璃音心里的气恼还没来得及酝酿出来,忽觉颊上有温热的触感覆了上来,是男人柔软的指腹。
“好。”
他不停在她眼下那块轻轻摩着,璃音觉得很奇怪,那里有什么好摸的?
“阿璃。”男人眼底的恻然,终于毫无遮掩地向她展露了出来,“别哭。”
*
半个月后,夏侯铮回府,朝服也来不及换,就把一家人都召到了前厅。
“阿横。”他瞥过女儿一路进来,都和女婿牵握在一处的手,淡淡道:“从今天起,无论谁来问你,你都已有了一个月的身孕,知道了么?”
璃音没什么意外地听着,只是沉默,没有说话。
而杨夫人惊呼一声,如一下被人抽走了脊骨,已是彻底瘫软进了圈椅里面。
第136章
“小姐,夫人说了,这药得趁热,快些喝了吧。”
一碗浓黑粘稠、一看就苦哈哈的汤药,被秋莺郑重端了过来。
璃音凑口过去,刚沾着唇,就轻“啊”一声躲开了:“烫!”
可秋莺不为所动,一脸“这可不是你撒娇能解决的事”的凝肃神情,举碗就又要往璃音嘴里灌。
“是真的烫!”璃音无奈又好笑,刚那一下,嘴都差点烫秃噜皮了,这可不是假的,她从秋莺手中把碗接过,端正搁在案上,“秋莺,我又不是三岁小孩了,你把药留在这,等它稍凉一凉,我自己会喝。”
秋莺紧抿着唇,看小姐笑吟吟的、似乎没一点心事的样子,心里有种说不出的惴然。
她已听说了,宫中已正式开始挑选人祭,听闻此次星象难解,大人们聚在观星台,观测了近半个月,都未能测算出一个具体相合的八字。
不过就在老爷回府那日,他们终于模糊着、界定出了一个范围:这次天上想要的,该是个十月出生的女子。
小姐在十月初九日出生,再加上过往的惯例,要寻找十六岁以内、品貌皆宜的少女,两厢条件一结合,简直是高危中的高危!

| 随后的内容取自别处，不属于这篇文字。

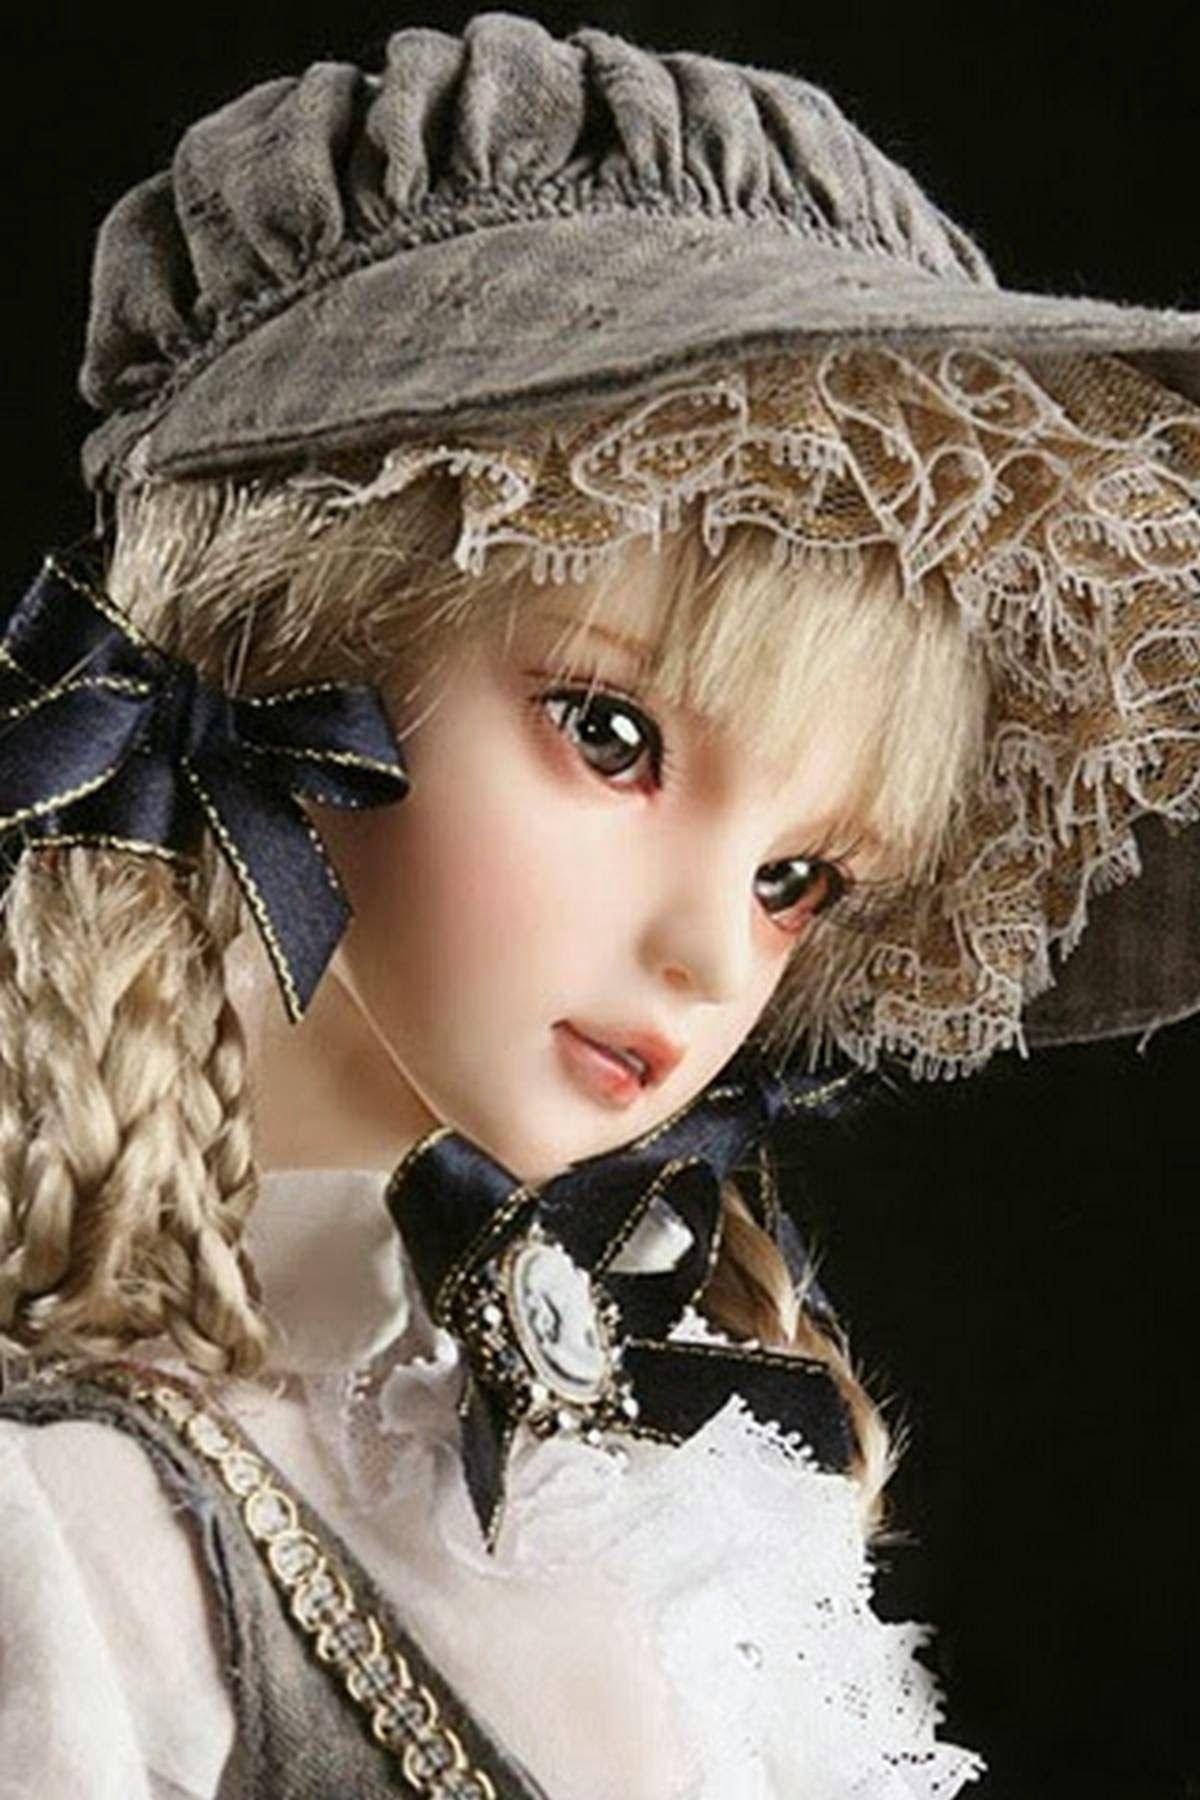 Barbie wallpaper iphone Tema, Pintar, Fundos

好在八字未定,又有老爷和夫人四下打点,夫人的父亲执掌太医署,连夜送来了能假作孕脉的药。小姐只需乖乖服下几天,待核查的官吏上门,确认过脉象,将假孕坐实了,便可在筛选在册适龄少女的第一步,就将小姐的名字给划了去。
所以,桌案上这一碗黑糊糊的药,搞不好就是能救命的,半点马虎不得。
看秋莺拧眉不语,璃音心下稍动,只仍是笑:“事关我自己的小命,我拎得清,你有什么可不放心的。”

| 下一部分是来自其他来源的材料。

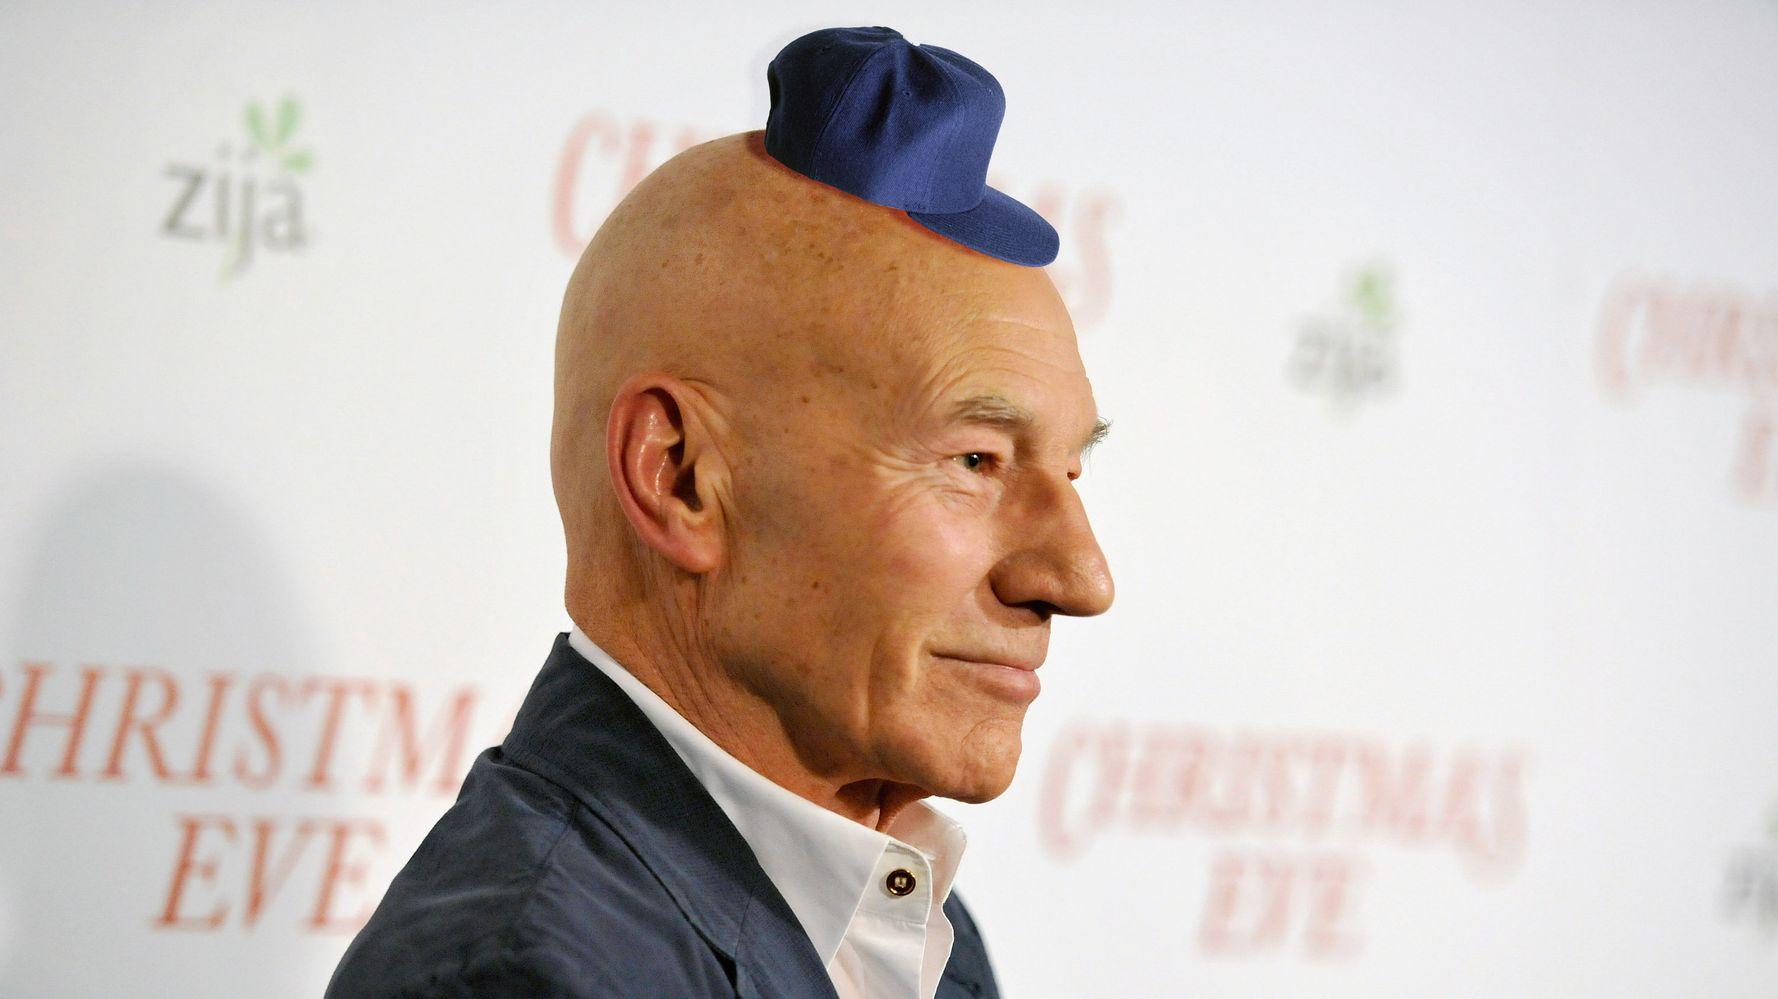 Do hats cause balding?

说着,把一旁站着的夫君拉了过来:“再说,不是还有夫君监看我呢么?”
也是,小姐虽有时行事诡僻,但在大事上向来是拎得清的,更何况是她自己的生死之事,想也不会乱来。
秋莺看了姑爷一眼,看到他慢慢向自己点了下头,心下稍安,又嘱咐了句“一会就喝,也别放得太凉了”,才拖着步子离开了。
待秋莺出了屋,璃音缓缓端起桌上瓷□□致的小碗,轻晃了晃碗中稠液:“夫君,你说这一夜之间,皇城里会冒出多少个像我这样,突然就有了身孕的小娘子?”
“听说太常寺卿家的小女儿,尚未婚嫁,竟也对外说已有了三个月的身孕。”她眉梢微挑,似是颇觉有趣,“这事不管是真是假,若放在以前,必定都当做家丑遮着,半个字不许往外说。如今倒成了护身牌,恨不得拿个大喇叭,宣扬得满城尽知了。”
官家女子,婚前私通,还怀了个父不详的私孩子,全家不以为耻,反松口气,并自发在街头巷尾大肆传扬,若不是在这旱情肆虐的特殊时日里,真是想都不敢想的荒诞事。
在这凡世间,女子的贞洁,素来是被男人们宣扬得比性命还宝贵的。
但看来遇上真爱女儿的,在贞洁和活命之间,也很是知道该如何抉择嘛。
摇光闻言也轻笑了笑:“这次毕竟不同。”
璃音晃着瓷碗的动作一顿。
是啊,这次毕竟不同。
一般人祭,虽说死是逃不掉的了,但作为被选去献给神明的使臣,锦衣华饰,无上尊荣,都是给够的,死状更是整洁端肃,不会让人经历太多痛苦。
但这一次人祭,是为攘除旱灾而设。
旱灾,相比于其余的任何天灾,都是格外不同的。
自尧时,有十日并出、炙杀女丑、暴尸于山,从而果真求得甘霖之事后①,历朝历代,天旱求雨,便都沿行此“暴巫”之法。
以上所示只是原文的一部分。